Morocco’s Central Bank keeps interest rate unchanged due to Global & Domestic Situation

Morocco’s Central Bank keeps interest rate unchanged due to Global & Domestic Situation

Bank Al-Maghrib, Morocco’s central bank, has decided to hold interest rates steady, contrary to the forecasts of many analysts who were expecting a hike of rates following the coronavirus pandemic, rainfall shortage and the Russia-Ukraine war.

During its first meeting for the year 2022, the Board of Directors of the Bank decided to keep unchanged its rates at 1.5 percent to support economic activity and mitigate the impact of the adverse international environment due to the expected return of inflation to moderate levels in 2023.

The Board looked into the international environment marked by the events related to the Russia-Ukraine war, at a time when the global economic recovery was already facing several challenges, namely the rise in commodity prices, the persistence of disruptions in global production and supply chains as well as strong inflationary pressures.

While the outcome and the duration of this conflict remain unpredictable, its impact on financial markets, commodity prices, global trade and overall economic activity is already tangible.

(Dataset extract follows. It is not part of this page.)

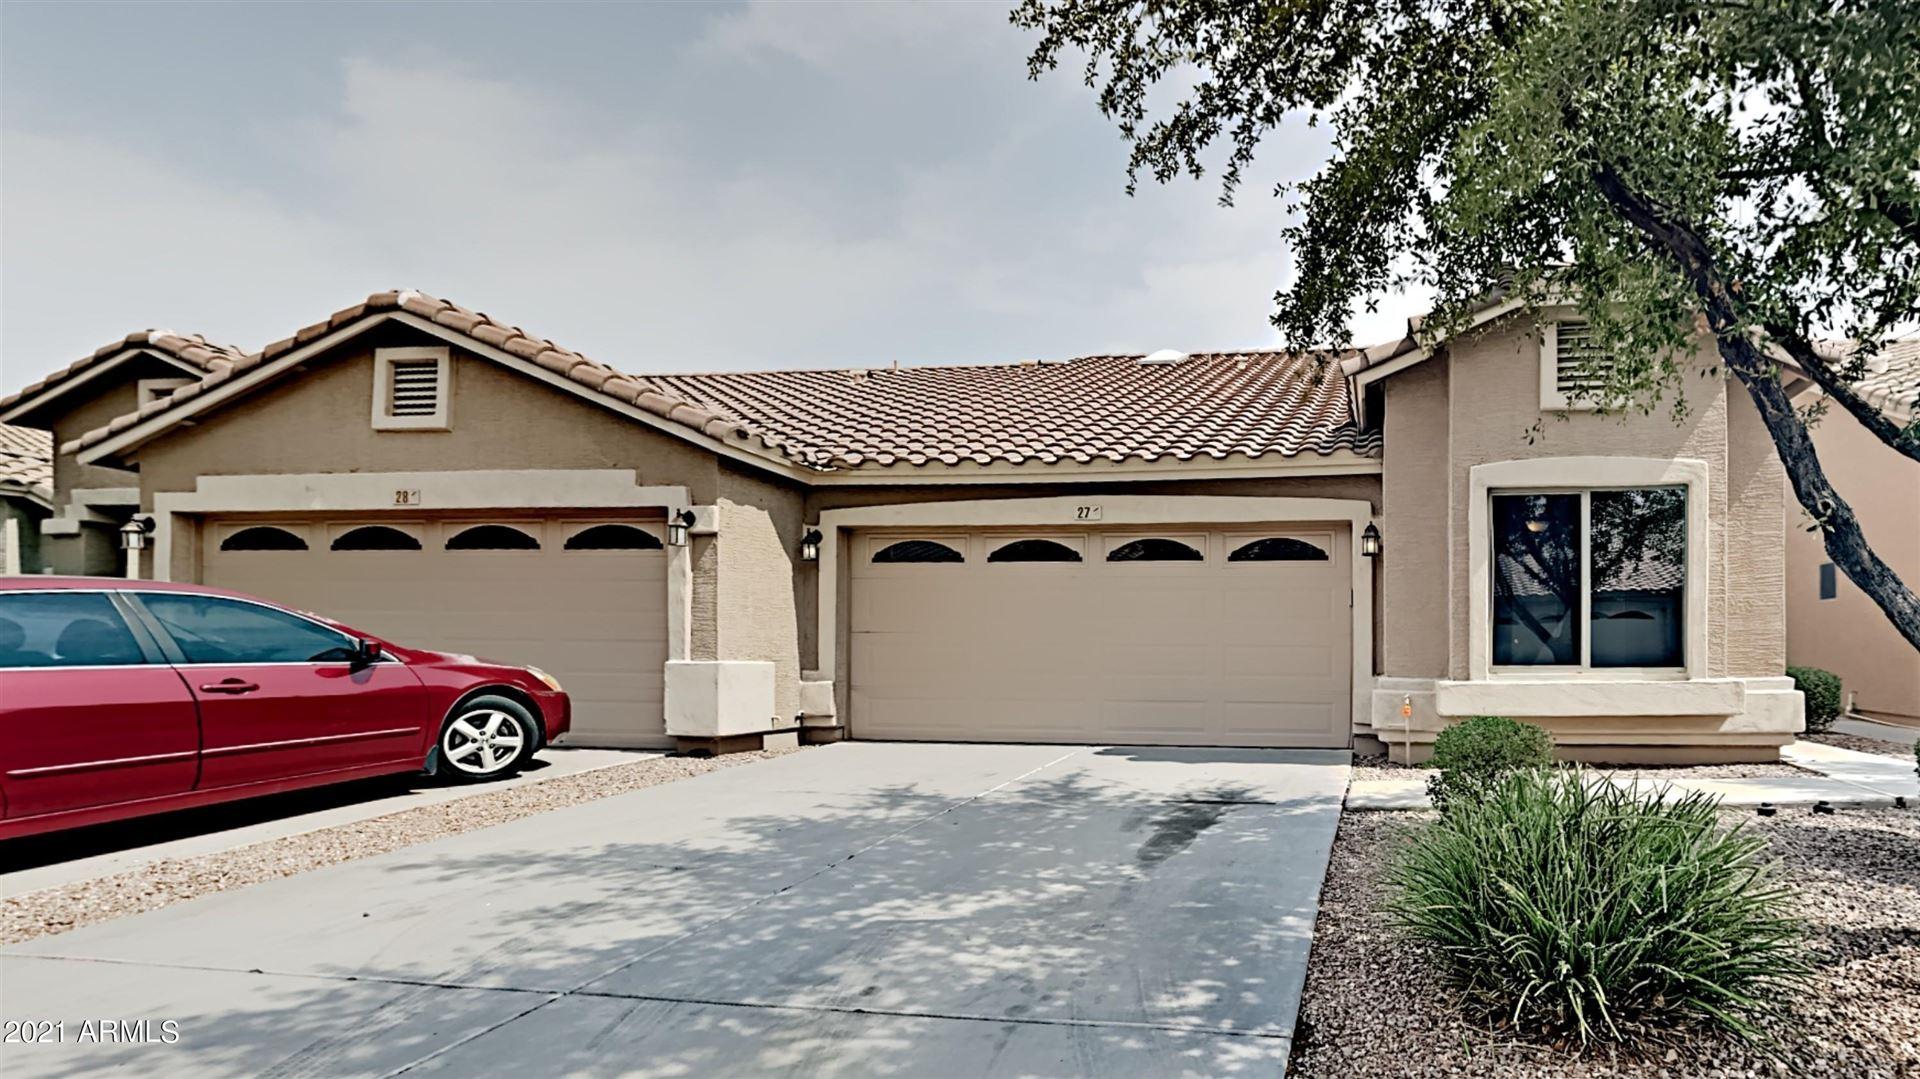 16620 S 48TH Street #27, Phoenix, AZ 85048 - MLS#: 6264358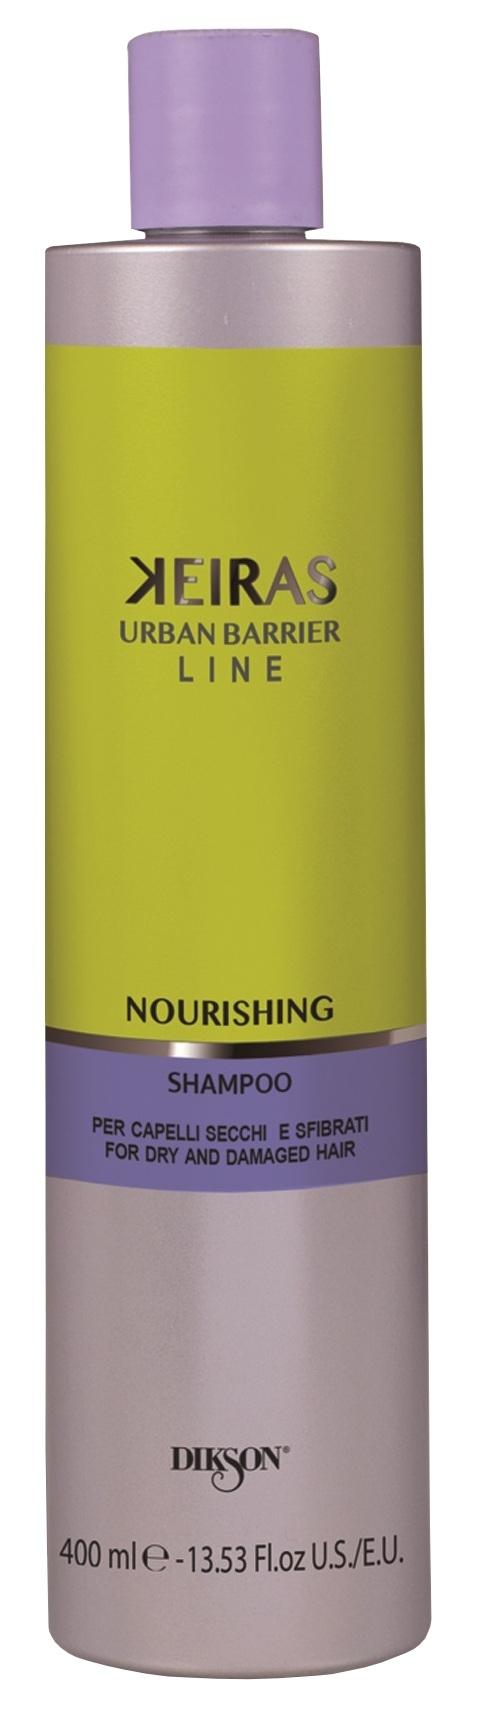 Dikson Шампунь Shampoo for Dry and Damaged Hair для Поврежденных Волос, 400 мл цена и фото

These developments will have an impact on Moroccan economy, which is also facing particularly adverse weather conditions due to a significant rainfall shortage.

Furthermore, the Bank expects a substantial decline in agricultural value-added and some consolidation of non-agricultural activities, boosted by the significant progress in the vaccination campaign, the easing of sanitary restrictions, and the continuation of monetary stimulus and sectoral support measures.

According to these projections, inflation would sharply accelerate this year, while external balances and public finances would remain relatively resilient.

The inflation’s acceleration, started in 2021, is continuing, driven by external pressures related to the surge of energy and food products prices and the increase of inflation in key economic partners.

Thus, after a rate of 1.4 pc in 2021, inflation would attain 4.7 pc in 2022 before returning to 1.9 pc in 2023. Due to particularly adverse weather conditions, the agricultural season would record, according to Bank Al-Maghrib forecasts, a cereal production of around 25 million quintals (MQx), after 103.2 MQx a year earlier.

Agricultural value-added is thus expected to fall by 19.8 pc, reducing economic growth to 0.7 pc in 2022 after a rebound that would have reached 7.3 percent in 2021.

In 2023, assuming an average harvest of 75 MQx, agricultural value-added would increase by 17 pc, bringing growth to 4.6 pc. Non-agricultural activities would gradually consolidate, with a 3 pc increase in their value added in 2022 and 2023

Due to soaring commodity prices, Morocco’s current account deficit would widen to 5.5 pc of GDP in 2022 from 2.6 pc in 2021, before easing to 3.7 pc in 2023.

Imports would increase by 14.9 percent in 2022 due to higher energy bill, purchases of agricultural and food staples as well as consumer goods. In 2023, the rise would be limited to 1.1 percent, due in particular to the expected drop in the energy bill. Meanwhile, exports would increase by 12.5 % in 2022 and 3.4 %in 2023, driven mainly by higher sales of the car manufacturing and phosphate and derivates sectors in 2022.

While remaining below their pre-crisis levels, travel receipts would improve gradually, rising from $3.5 billion in 2021 to $4.8 billion in 2022 and to $7.2 billion in 2023. Remittances would progressively resume their pre-crisis level, falling to $8.1 billion in 2022 and to $7.2 billion in 2023, after peaking to $9.5 billion in 2021.